Humphries led his own band in the early 1970s, R.H. Factor, and led ensembles under other names into the 1990s. He has also held teaching positions at the University of Pittsburgh and the Pittsburgh High School for the Creative and Performing Arts. He released albums under his own name in 1993, 2003, and 2011.

For the majority of his career, Humphries played Gretsch Drums -- which contributed to the forceful sound of his work with Horace Silver. Later, he switched to Yamaha kits, especially when leading his own bands.

==Discography==
- Horace Silver Song for My Father (Blue Note, 1964)

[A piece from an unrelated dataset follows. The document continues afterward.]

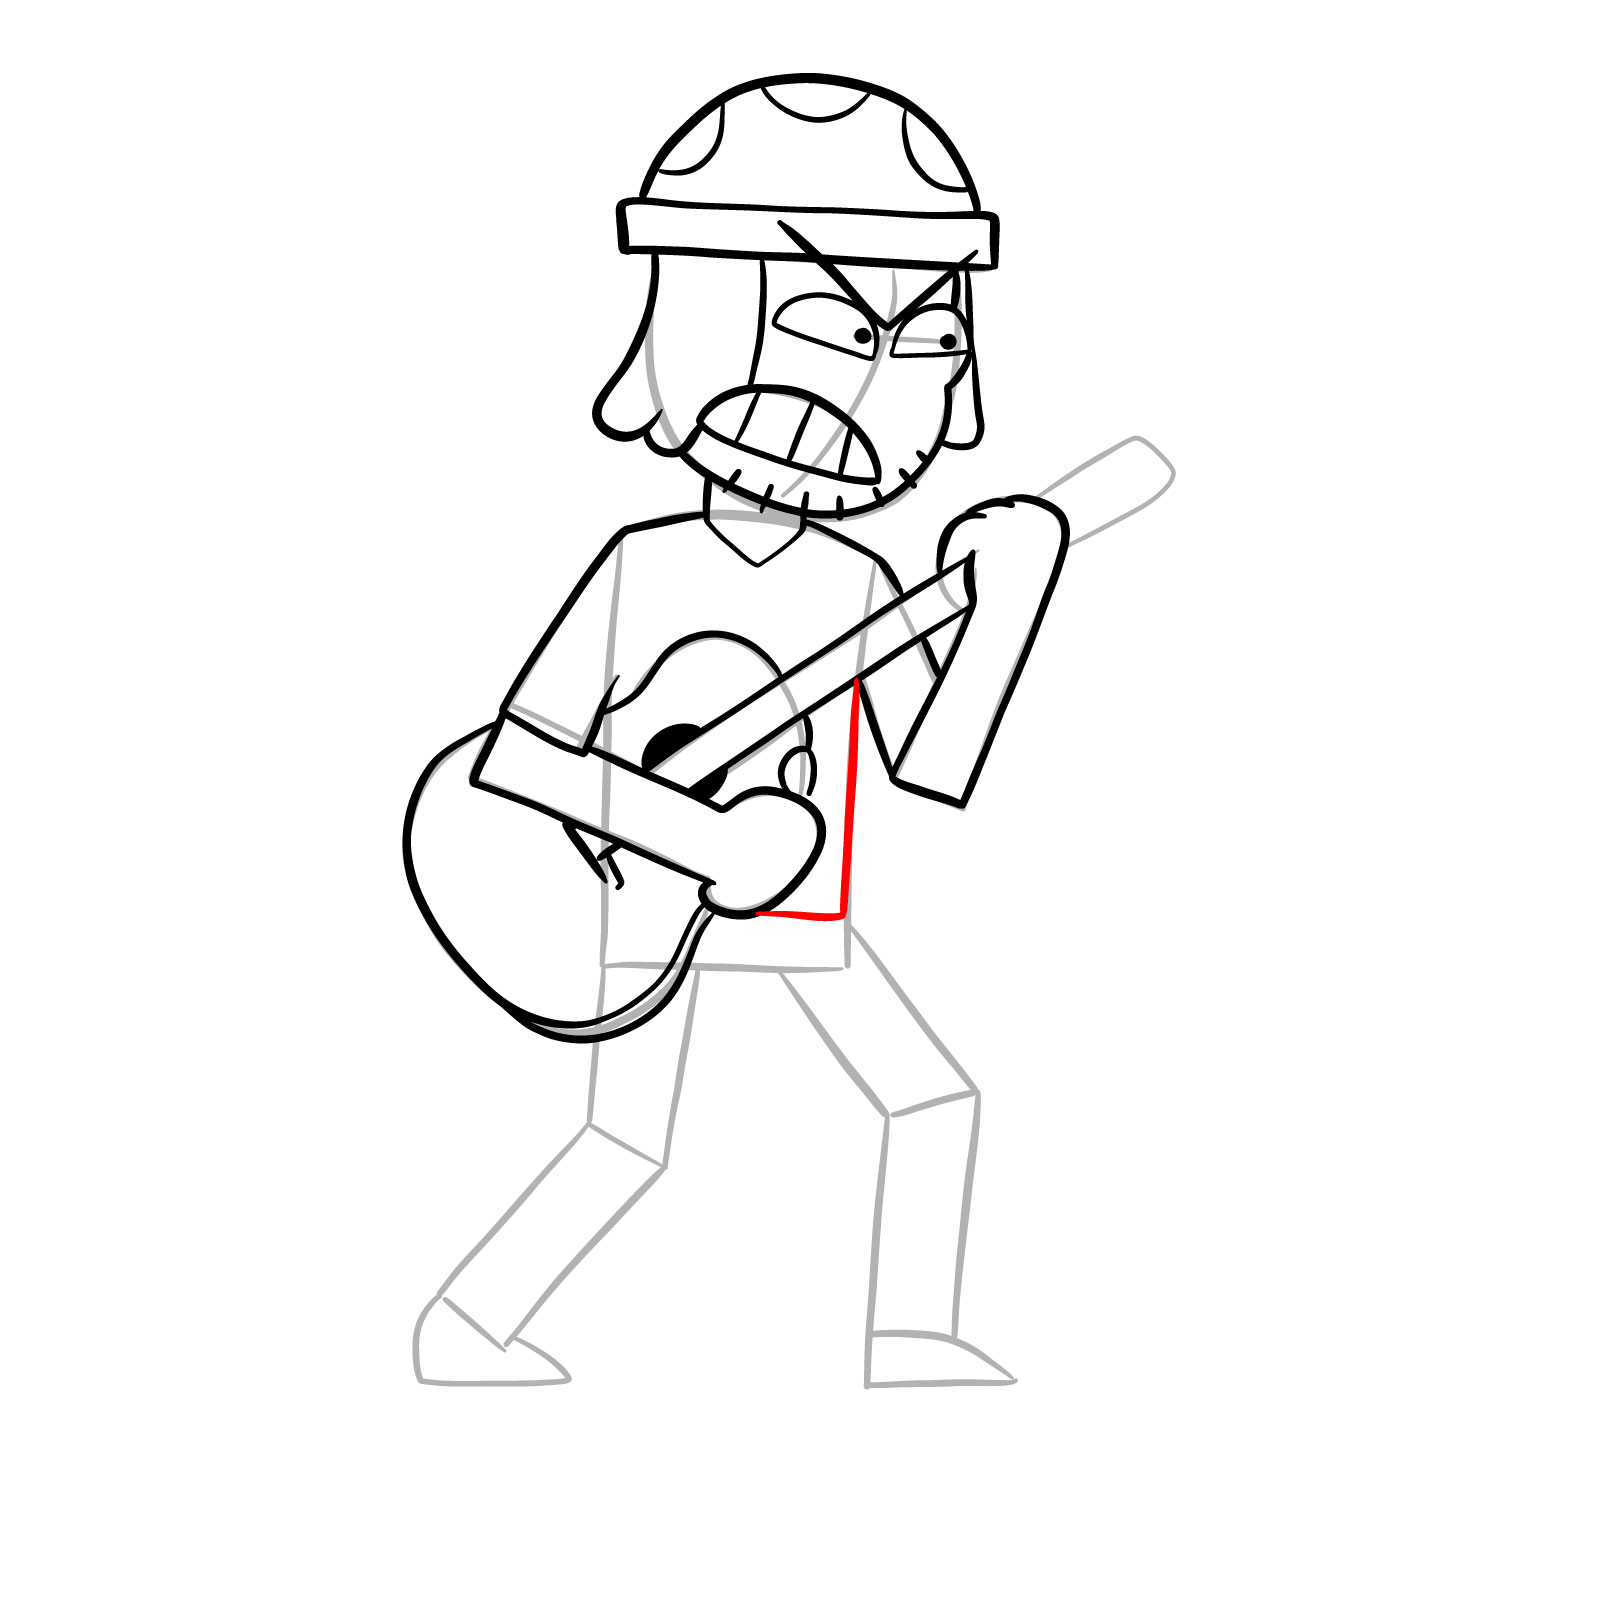 How to draw Suction Cup Man with a guitar - step 19

- Carmell Jones Jay Hawk Talk (Prestige, 1965)
- Horace Silver The Cape Verdean Blues (Blue Note, 1965)
- Horace Silver The Jody Grind (Blue Note, 1966)
- Frank Cunimondo Trio Introducing Lynn Marino (Mondo, 1969)
- Nathan Davis Makatuka (Segue, 1971)
- Horace Silver Live 1964 (Emerald, 1984)
- Roger Humphries and the RH Factor "This 'n' That" (Corona 1992)
- Dwayne Dolphin Portrait of Adrian (Minor Music, 1993)
- Jimmy Ponder Something to Ponder (Muse, 1994)
- Steve Rudolph Everything I Love (R&L Jazz, 1995)
- Al Dowe & Etta Cox Sunday Jam (1996)
- Nancy Wilson A Nancy Wilson Christmas (MCG Jazz 2001)
- Roger Humphries Big Band Don't Give Up (2003)
- Bill Heid Air Mobile (Doodlin', 2006)
- Roger Humphries and the RH Factor "Keep the Faith" (Corona 2011)
- Horace Silver featuring Woody Shaw "Live at The Half-Note" (2015)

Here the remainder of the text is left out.